Ja, we hebben het over hetzelfde, en in de volgende paragrafen ga ik je uitleggen hoe HBase de willekeurige I/O bereikt, hoe het gegevens opslaat en de evolutie van het HFile-formaat van de HBase.
Apache Hadoop I/O-bestandsindelingen
Hadoop wordt geleverd met een SequenceFile[1]-bestandsindeling die u kunt gebruiken om uw sleutel/waarde-paren toe te voegen, maar vanwege de mogelijkheid om alleen hdfs toe te voegen, kan de bestandsindeling geen wijziging of verwijdering van een ingevoegde waarde toestaan. De enige toegestane bewerking is toevoegen, en als u een opgegeven sleutel wilt opzoeken, moet u het bestand doorlezen totdat u uw sleutel vindt.
Zoals je kunt zien, ben je gedwongen het sequentiële lees-/schrijfpatroon te volgen... maar hoe is het mogelijk om daarbovenop een willekeurig lees-/schrijftoegangssysteem met lage latentie zoals HBase te bouwen?
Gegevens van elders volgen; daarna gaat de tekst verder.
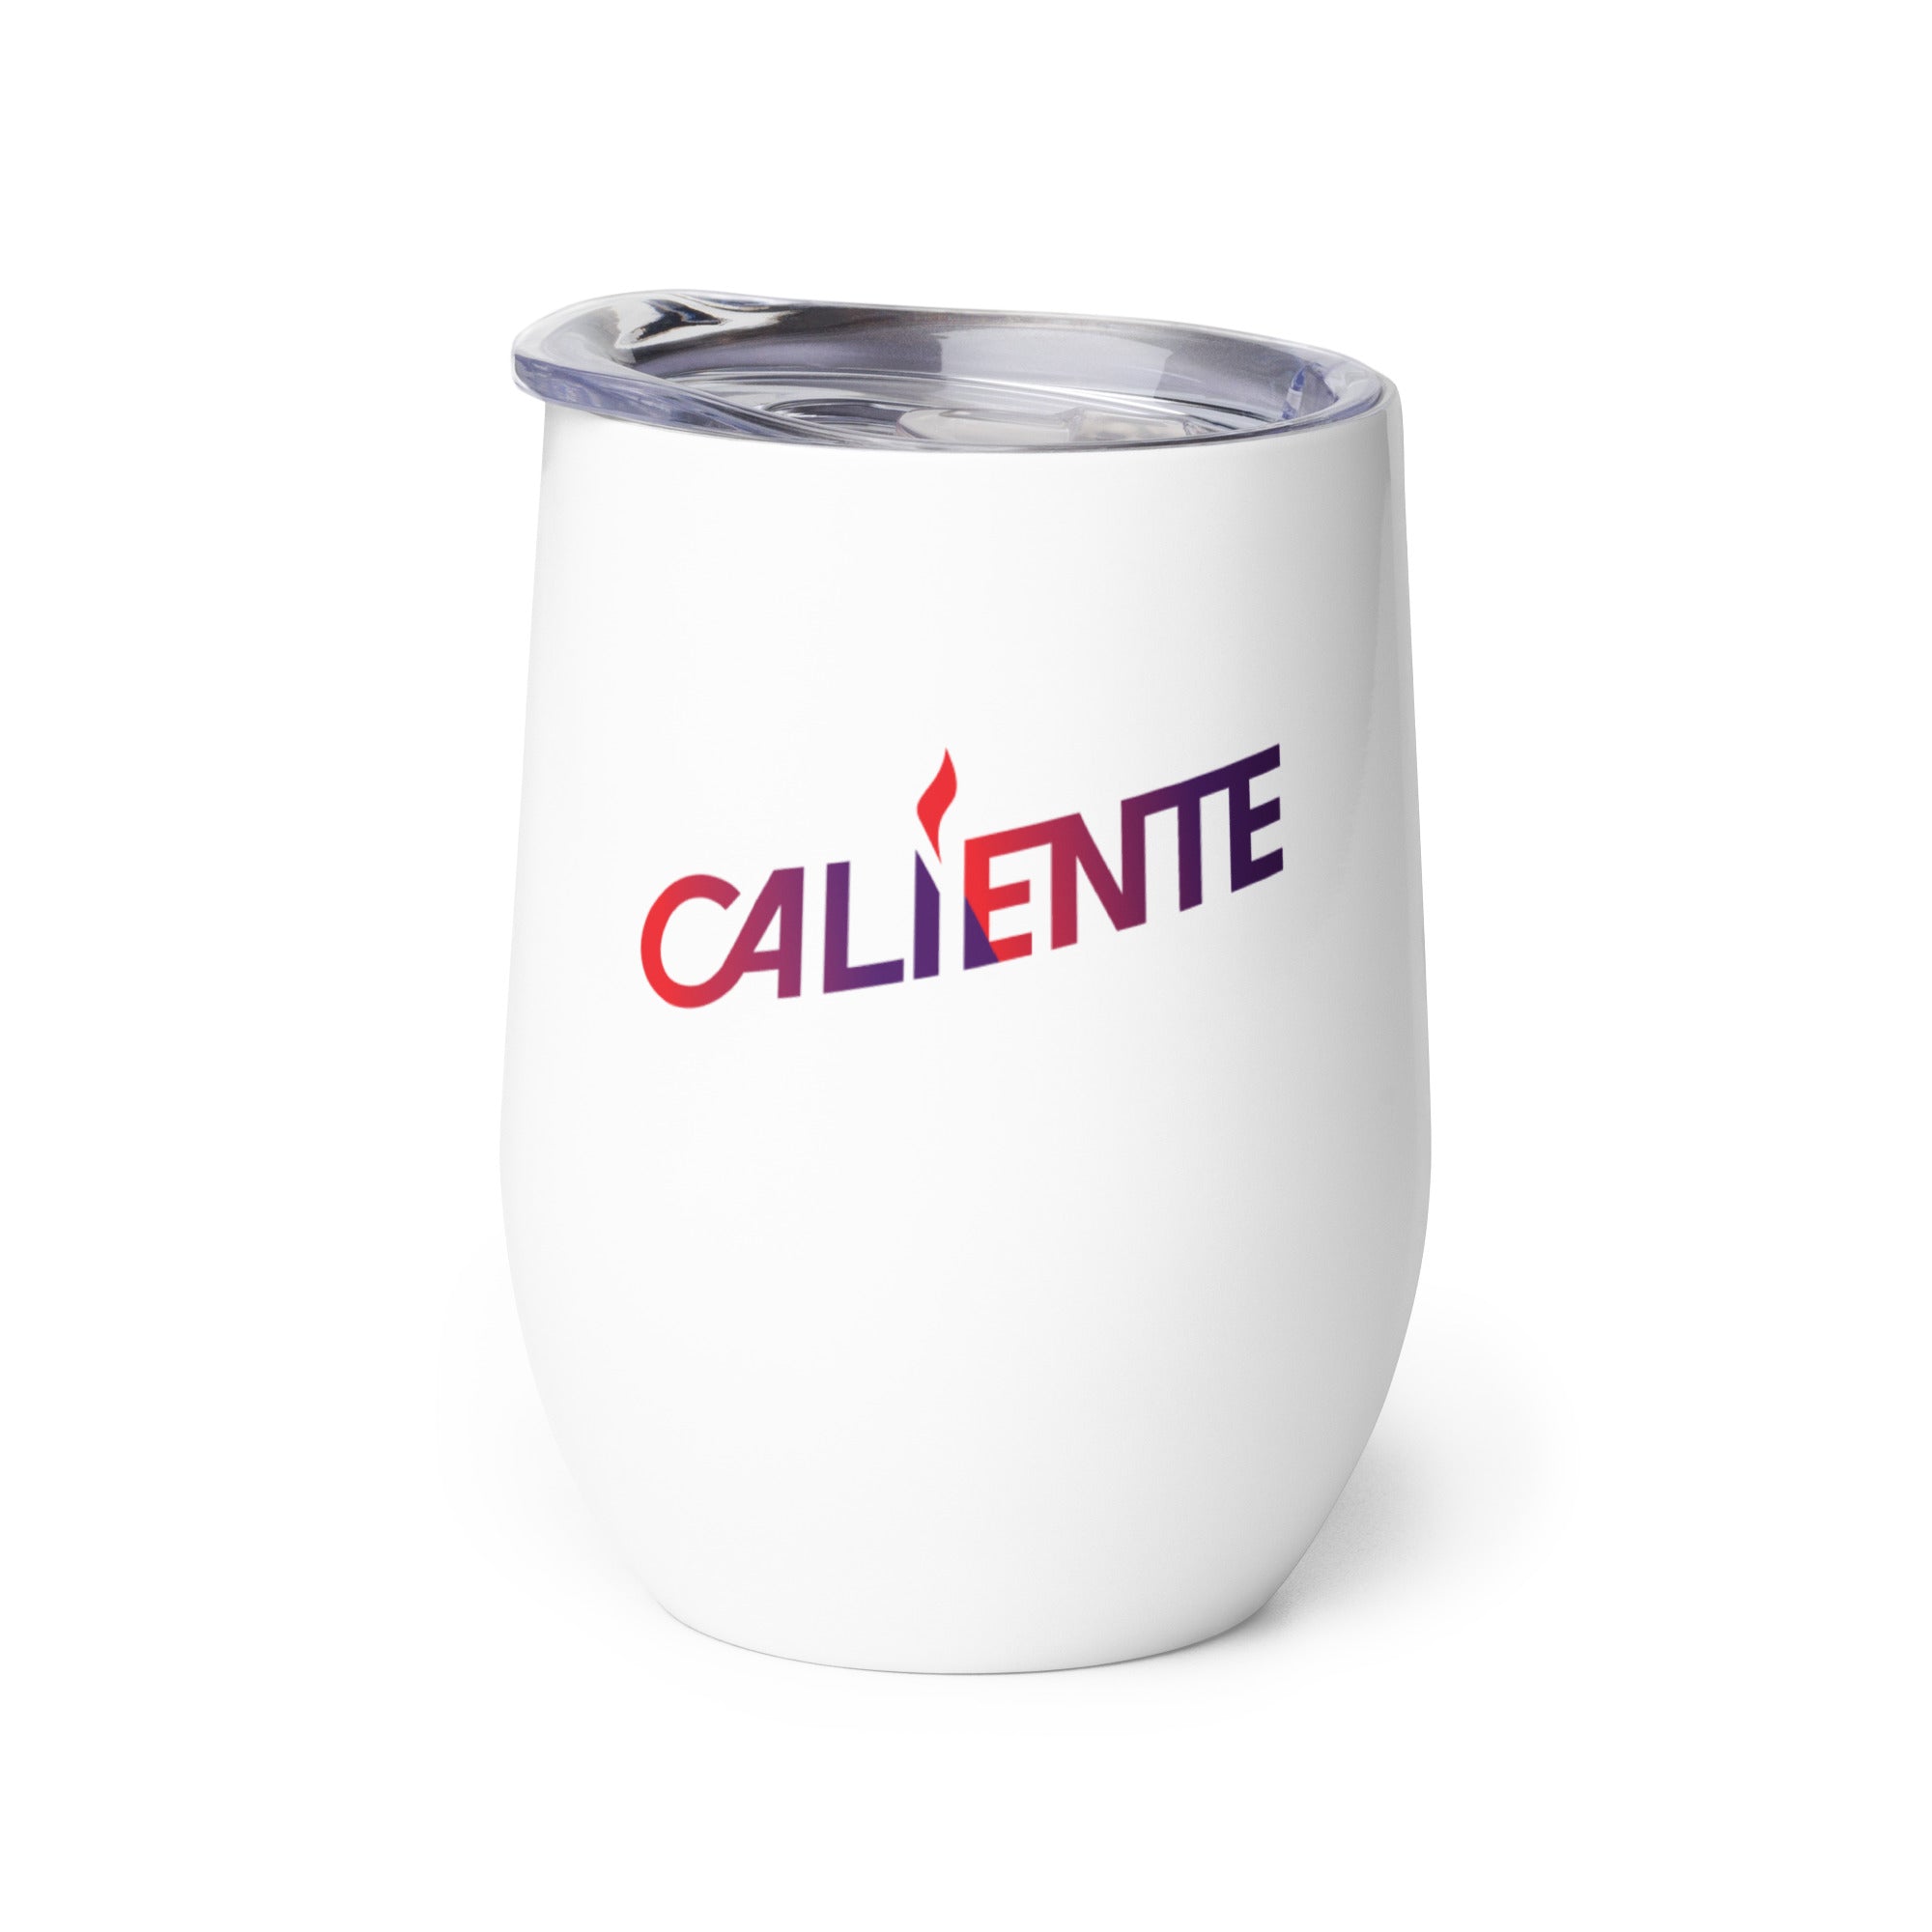 Caliente: Wine Tumbler

Om u te helpen dit probleem op te lossen, heeft Hadoop een ander bestandsformaat, MapFile[1] genaamd, een extensie van het SequenceFile. De MapFile is in werkelijkheid een map die twee SequenceFiles bevat:het gegevensbestand "/data" en het indexbestand "/index". Met de MapFile kunt u gesorteerde sleutel/waarde-paren toevoegen en elke N-sleutel (waarbij N een configureerbaar interval is) slaat de sleutel en de offset op in de index. Dit zorgt voor een vrij snelle opzoeking, omdat in plaats van alle records te scannen, u de index scant die minder items bevat. Zodra je je blok hebt gevonden, kun je in het echte gegevensbestand springen.
MapFile is leuk omdat je snel sleutel/waarde-paren kunt opzoeken, maar er zijn nog steeds twee problemen:
- Hoe kan ik een sleutel/waarde verwijderen of vervangen?
- Als mijn invoer niet is gesorteerd, kan ik MapFile niet gebruiken.
HBase &MapFile
De HBase-sleutel bestaat uit:de rijsleutel, kolomfamilie, kolomkwalificatie, tijdstempel en een type.
Om het probleem van het verwijderen van sleutel/waarde-paren op te lossen, is het de bedoeling om het veld "type" te gebruiken om de sleutel als verwijderd te markeren (grafsteenmarkeringen). Het oplossen van het probleem van het vervangen van sleutel/waarde-paren is gewoon een kwestie van het latere tijdstempel kiezen (de juiste waarde staat aan het einde van het bestand, alleen toevoegen betekent dat de laatst ingevoegde waarde bijna aan het einde is).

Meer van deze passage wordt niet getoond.